Light Emitting Diode (LED) lamp and the like can be used as the light source 352 of the ultraviolet irradiating unit 350. [63] The reflecting shade 353 directs ultraviolet rays to a specific portion of the photosensitive layer 221, thereby preventing the ultraviolet rays from being scattered and lost. The reflecting shade 353 can have various shapes such as a sphere, an ellipse, a parabola, a curve and an aspheric shape.

[64] The cold mirror transmits infrared rays but reflects ultraviolet rays. The cold mirror can be used as the reflecting shade 353 to reflect the ultraviolet rays toward the photosensitive layer 221. The hot mirror reflects infrared rays but transmit ultraviolet rays.
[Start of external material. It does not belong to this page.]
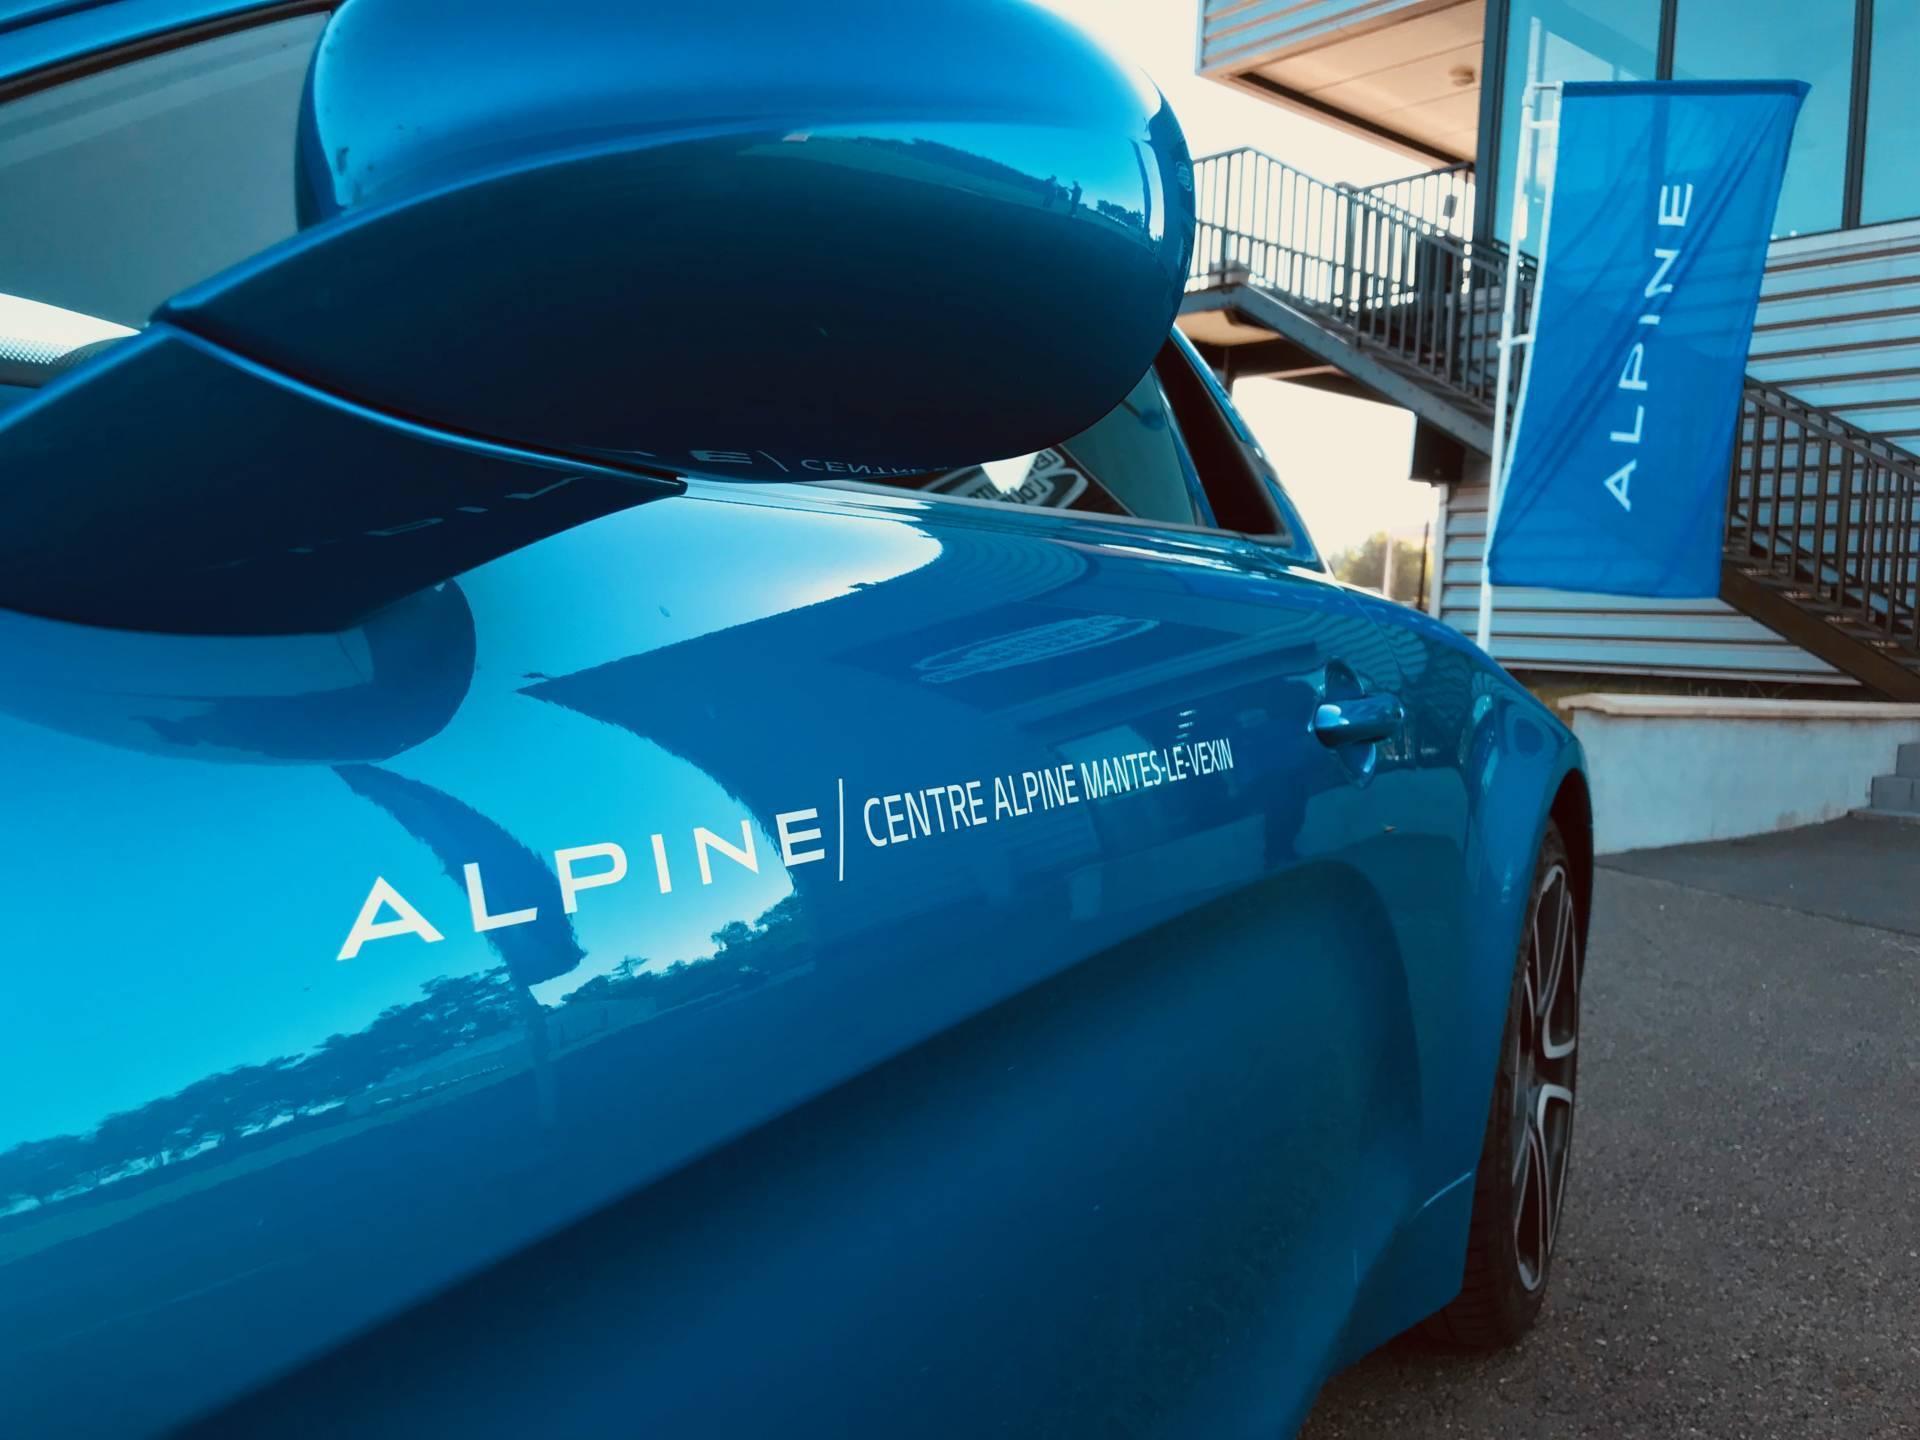 IMG 7626 1   Centre Alpine Mantes le Vexin

The hot mirror can be arranged between the light source 352 and the photosensitive layer 221 to improve the efficiency of ultraviolet irradiation.

[65] The removing part removes the residual layer from the photosensitive layer. The residual layer contacted the embossed portions of the patterned roll stamper 321 to have the shape of a thin film. The first removing part can remove the residual layer 221b by, for example, Reactive Ion Etching (RIE), immersion in etchant, or etchant spraying.
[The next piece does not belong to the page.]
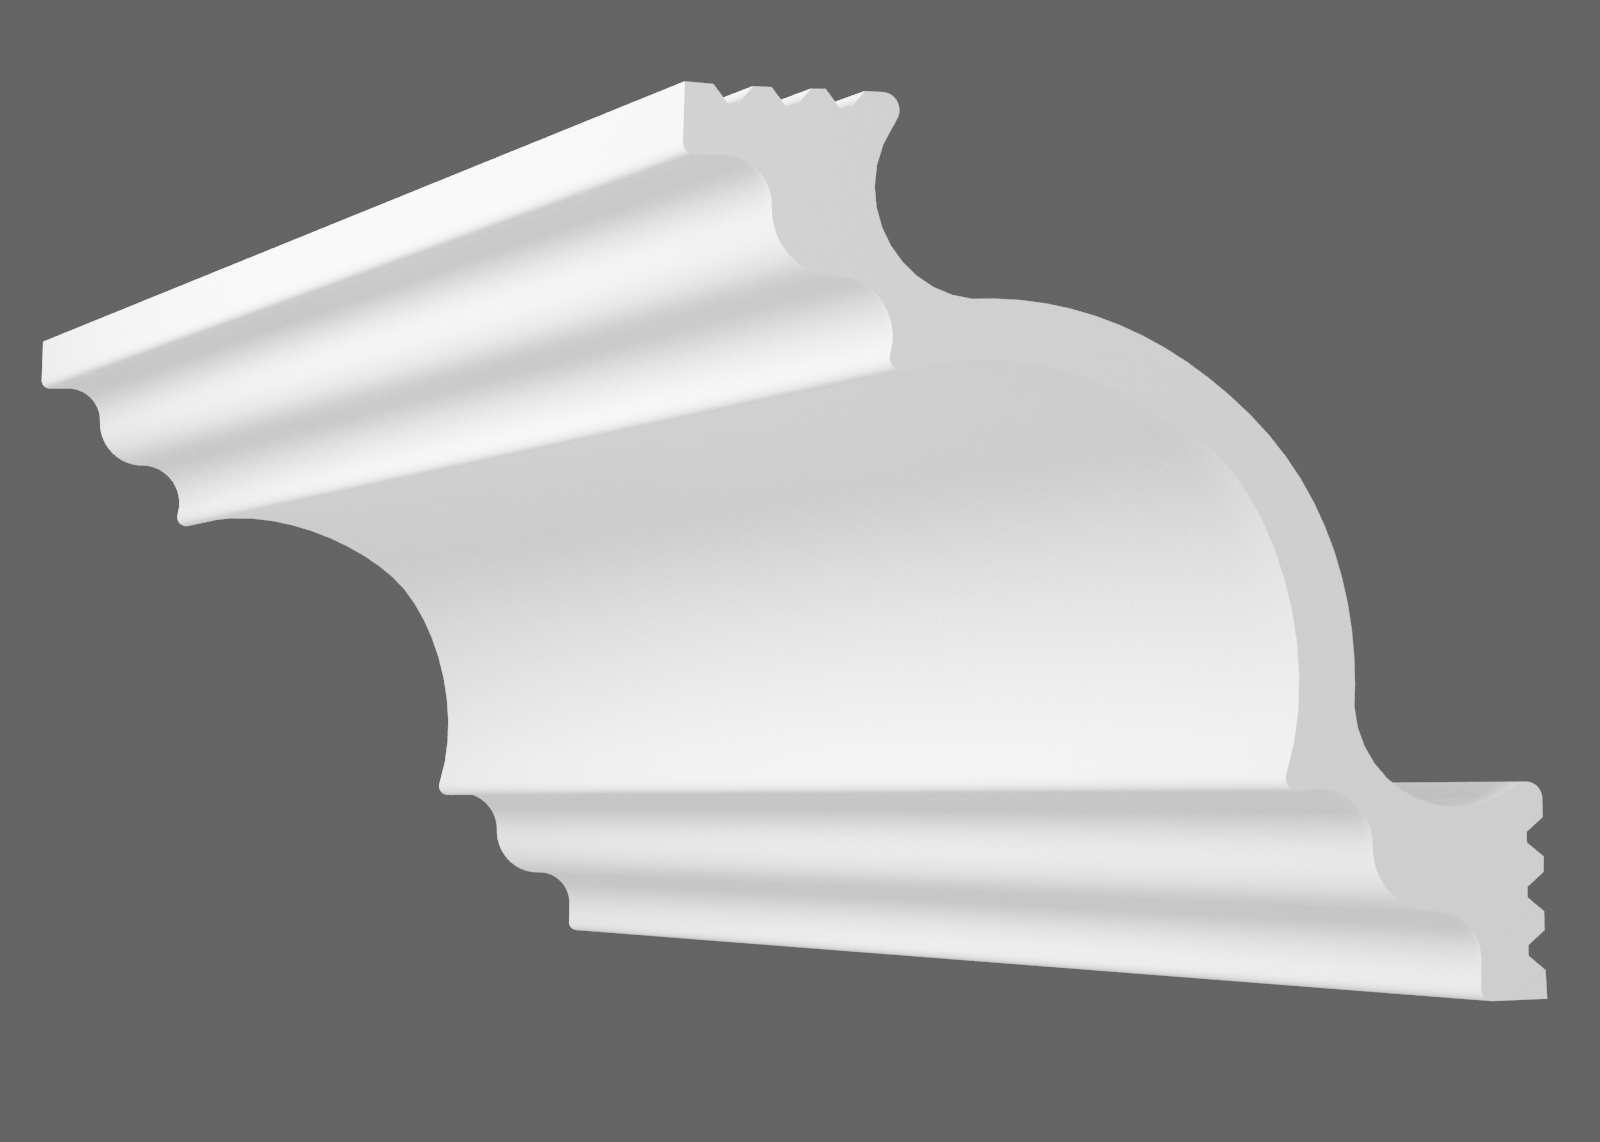 Потолочный плинтус К-200 (Размер:140х140мм)

[66] In this embodiment shown in FIG. 9, the first removing part includes an etching unit 421 for spraying etchant to etch the residual layer 221b, a washing unit 422 for washing off the etchant and a drying unit 423 for performing a drying after the washing.

[67] The second removing part removes exposed portions of the conductive layer 212 which are exposed after the removal of the residual layer 221b. The second removing part can remove the exposed portions of the conductive layer 212 which are not covered with the photosensitive layer, by various methods such as RIE, immersion in etchant, or etchant spraying.

[68] In this embodiment shown in FIG. 9, the second removing part includes an etching unit 431 for spraying etchant to etch the exposed portions of the conductive layer 212, a washing unit 432 for washing off the etchant and a drying unit 433 for performing a drying after the washing.

[69] The third removing part removes the remaining portions 221a of the photosensitive layer which covers the pattern of the conductive layer 212. The third removing part can remove the remaining portions 221a of the photosensitive layer 221 by, for example, ashing, immersion in etchant or etchant spraying.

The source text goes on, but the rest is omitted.